───── GIVEN MATERIAL ─────

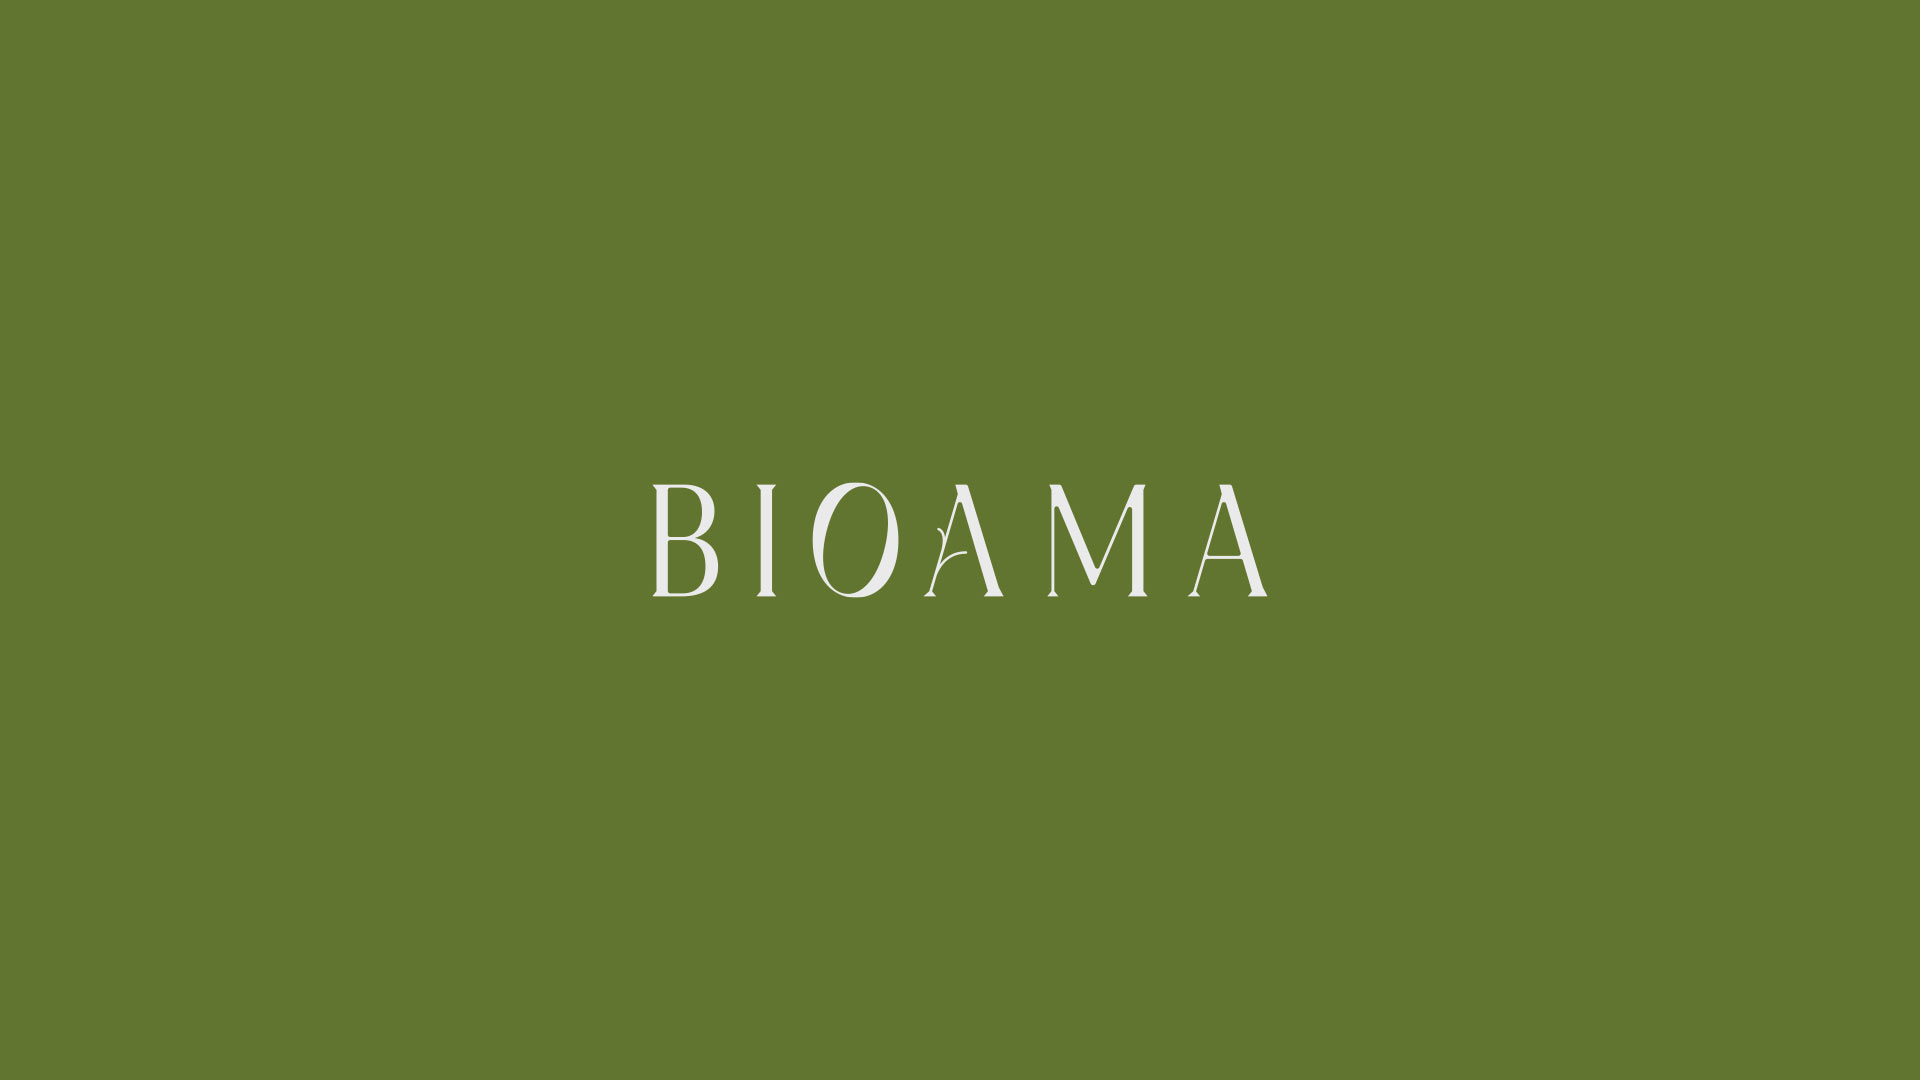 00 bioama logotipo green grafico milano
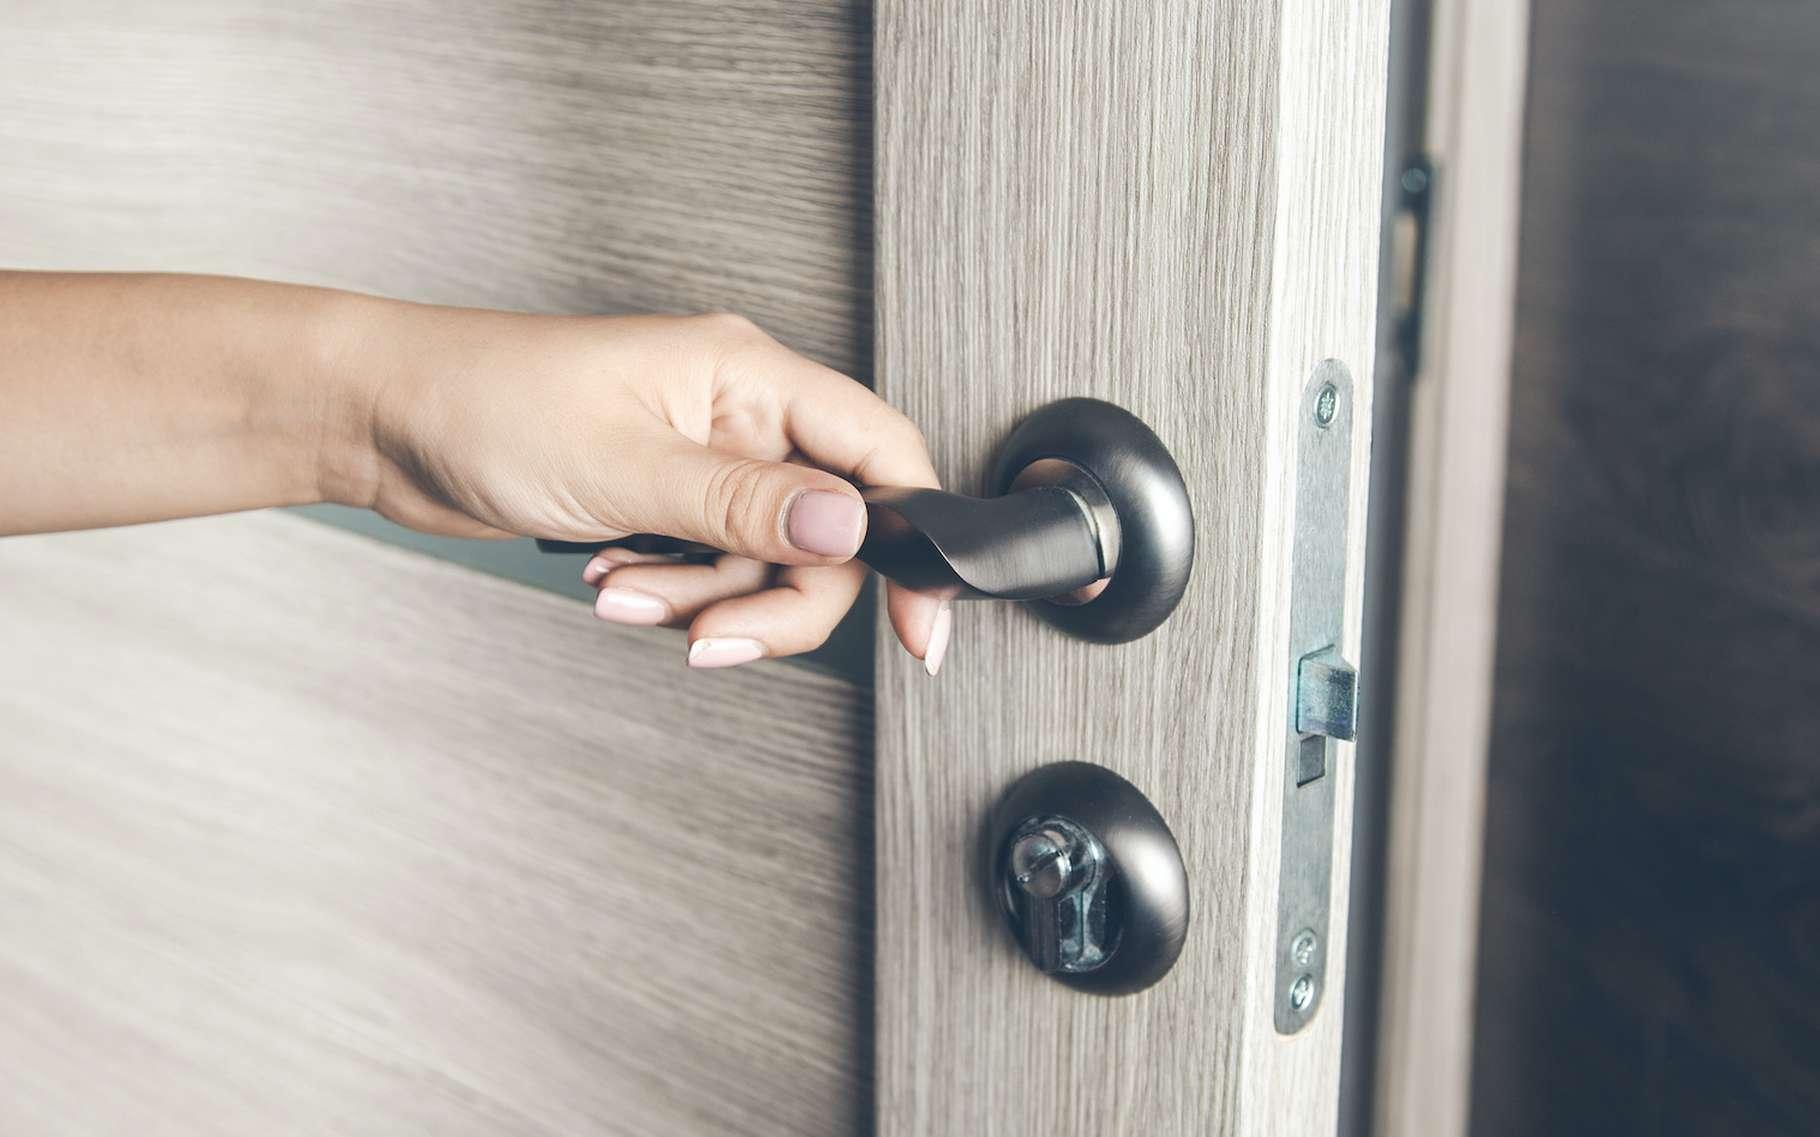 Demain, nos maisons seront probablement toutes équipées de serrures intelligentes. © Tiko, Adobe Stock
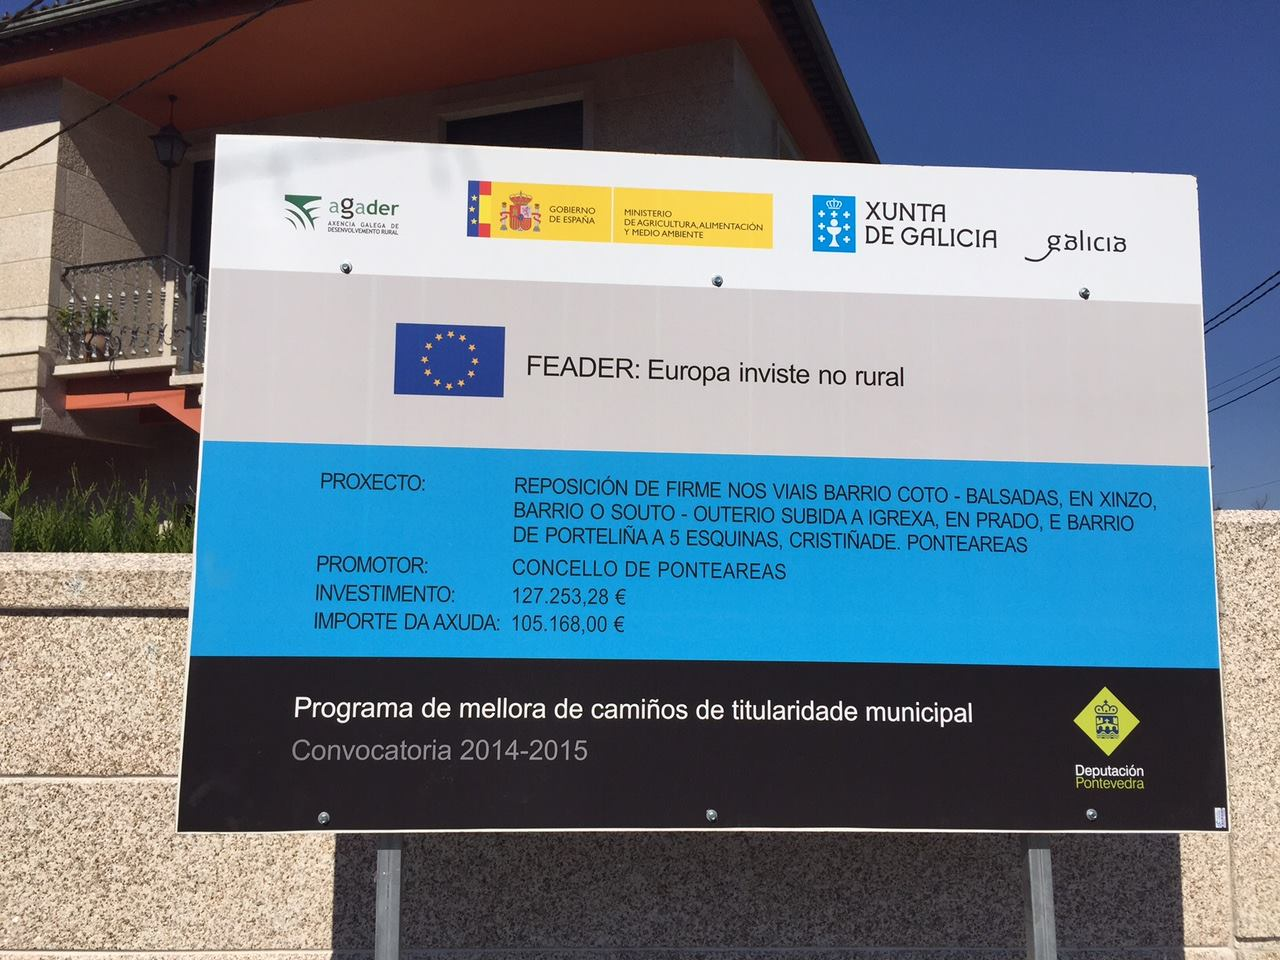 Remataron As Obras De Reposición De Firmes De Viais Parroquiais, Incluídas No Plan De Mellora De Camiños Rurais 2014-2015

─────

§ EXERCISE BRIEF
Omit the pictures and output all of the other material exactly.

§ EXERCISE RESPONSE
 00 bioama logotipo green grafico milano
 Demain, nos maisons seront probablement toutes équipées de serrures intelligentes. © Tiko, Adobe Stock
 Remataron As Obras De Reposición De Firmes De Viais Parroquiais, Incluídas No Plan De Mellora De Camiños Rurais 2014-2015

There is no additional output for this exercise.